We need to iterate our instructions to constrain the output, ensuring it’s as consistent, reliable and easy to read as possible. Many LLMs allow the creation of a ‘system prompt’, enabling us to provide persistent rules around format, length, style and faithful representation of source material (to minimise LLM ‘hallucinations’). This is then combined with specific task prompts for each insight being explored.
A content design perspective is helpful to define these types of rules and instructions, minimising ambiguity and optimising the output’s readability.
5. Collate the outputs into a single document. The idea was to summarise insights from 196 reports into something a single individual could feasibly digest. So once confident that our various instructions produce consistent results on sample tests, we’re ready to run them on every chunk of the segmented content. We then bring the outputs all together into a single document, and format it as a guide that can be read in full or easily scanned for useful nuggets.
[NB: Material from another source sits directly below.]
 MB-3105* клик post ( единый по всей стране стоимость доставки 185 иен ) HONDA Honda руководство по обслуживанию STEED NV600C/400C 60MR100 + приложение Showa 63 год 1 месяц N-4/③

6. Quality assure the output. The initial LLM output needs extensive manual review and clean-up. This includes:
- carefully reviewing to make sure it reflects what we know is true about the Service Standard and assessments
- cross-checking with the source material, particularly any claims that seem unusual
- refining the style, readability and clarity (LLMs typically struggle to apply detailed style guides, which can be highly context-dependent, full of nuance and exceptions)
- condensing further to remove duplication or redundancy (the LLM could make recommendations here, but a human will ensure reliability and accuracy)
The result
You can read the output of this experiment in this guide: How teams passed cross-government service assessments (and why some did not).
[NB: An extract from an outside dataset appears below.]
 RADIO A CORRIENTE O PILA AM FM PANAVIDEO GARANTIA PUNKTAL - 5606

This guide is no substitute for the Service Manual, of course, or a replacement for all the valuable detail in individual service assessment reports. But it gives us an impression of the hard work across government to develop great services, and provides an additional reference for anyone preparing for a service assessment.
Next steps
This is a proof of concept, with the limited scope of a personal project. To more closely follow a true design process, it would be a multidisciplinary effort that engaged real users, such as teams preparing for a service assessment. What insights would they find most useful? Would it be helpful to group the reports by development stage (discovery, alpha, beta, live) before summarisation? Do people trust information that’s ‘co-authored’ by LLMs?
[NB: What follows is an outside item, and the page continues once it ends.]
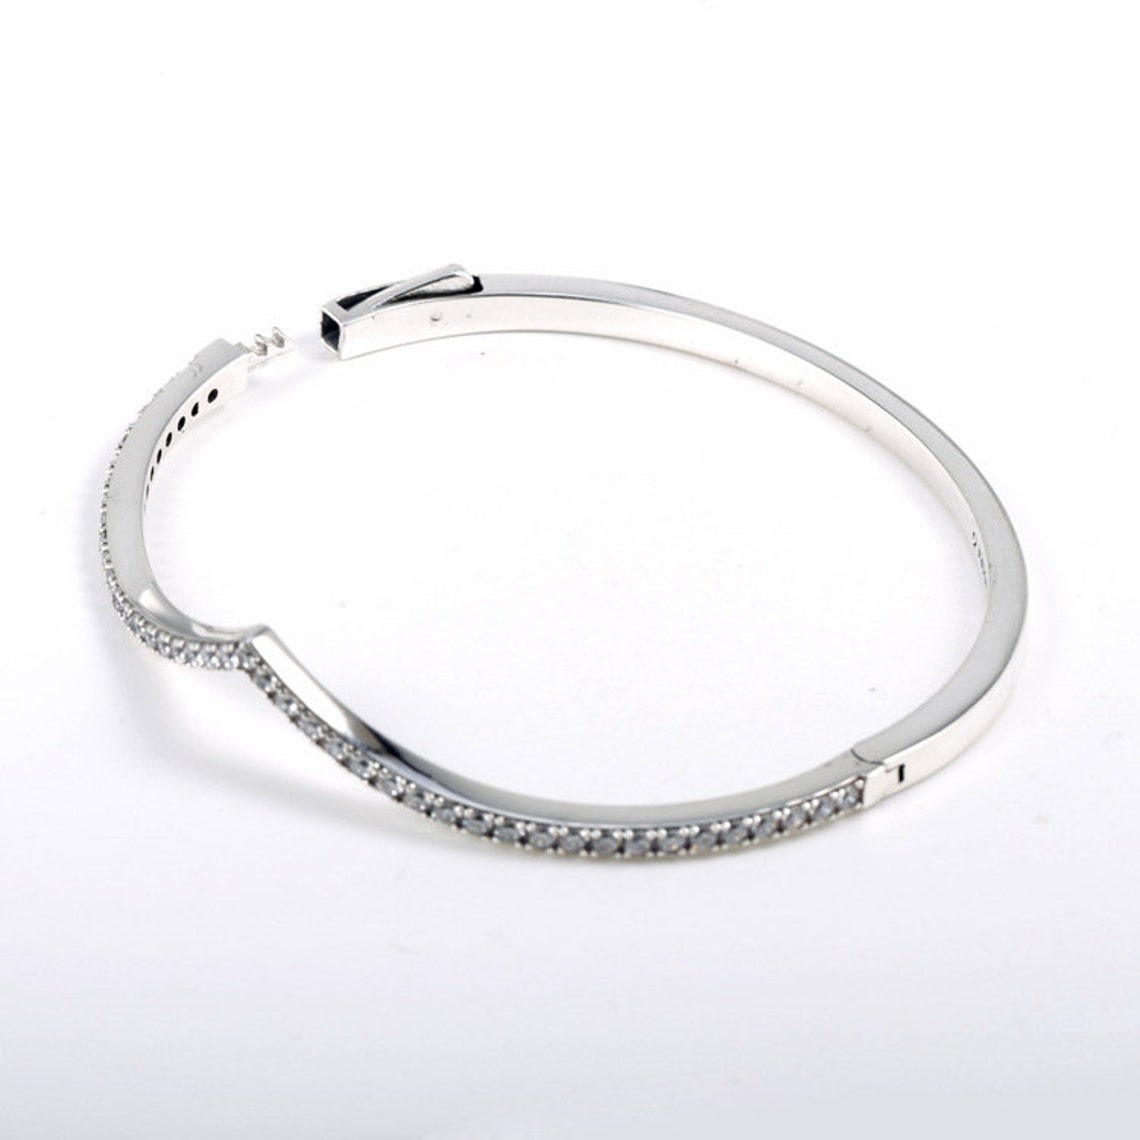 Pandora bracelet Shimmering Wish Bangle 597837CZ with gift | Etsy

Content maintenance and continuous improvement are also important, particularly as LLM capabilities improve and new reports are published. LLMs might assist by identifying new information to integrate into existing summaries, and recommending how to do so without continually growing the word count.
If your team is exploring similar projects, it’s a good idea to bring in content design expertise as early as possible. Content designers can offer strategic advice, help to design and quality assure the end-to-end process, and sometimes - just as importantly - identify where human effort alone would be more effective!
1 comment
Comment by Vicky posted on
This is interesting and a great use of an LLM on both open and fairly well curated data. I'd love to see a version that splits across phases (as the recommendations do vary) and also a version that did examples with internal assessments, which I think could be quite different, both in the recommendations but also even if the types of recommendations change.